▶ Try it: Word for word, restate the lines of the listing from the one that holds "Фруктоза кристаллическая 1 кг" through the very last line, and nothing more.

▶ Data to examine:

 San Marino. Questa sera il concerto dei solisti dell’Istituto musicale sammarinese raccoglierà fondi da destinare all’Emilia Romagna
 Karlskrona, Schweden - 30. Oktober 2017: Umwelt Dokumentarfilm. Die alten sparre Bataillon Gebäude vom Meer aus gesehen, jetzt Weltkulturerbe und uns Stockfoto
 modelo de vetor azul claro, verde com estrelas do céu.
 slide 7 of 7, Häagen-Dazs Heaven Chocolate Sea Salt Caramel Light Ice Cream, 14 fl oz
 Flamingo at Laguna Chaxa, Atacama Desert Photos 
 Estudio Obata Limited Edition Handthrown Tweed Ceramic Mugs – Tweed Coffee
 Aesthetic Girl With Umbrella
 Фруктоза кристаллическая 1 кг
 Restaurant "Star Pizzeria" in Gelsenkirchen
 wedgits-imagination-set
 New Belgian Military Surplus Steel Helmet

▶ Your response:
 Фруктоза кристаллическая 1 кг
 Restaurant "Star Pizzeria" in Gelsenkirchen
 wedgits-imagination-set
 New Belgian Military Surplus Steel Helmet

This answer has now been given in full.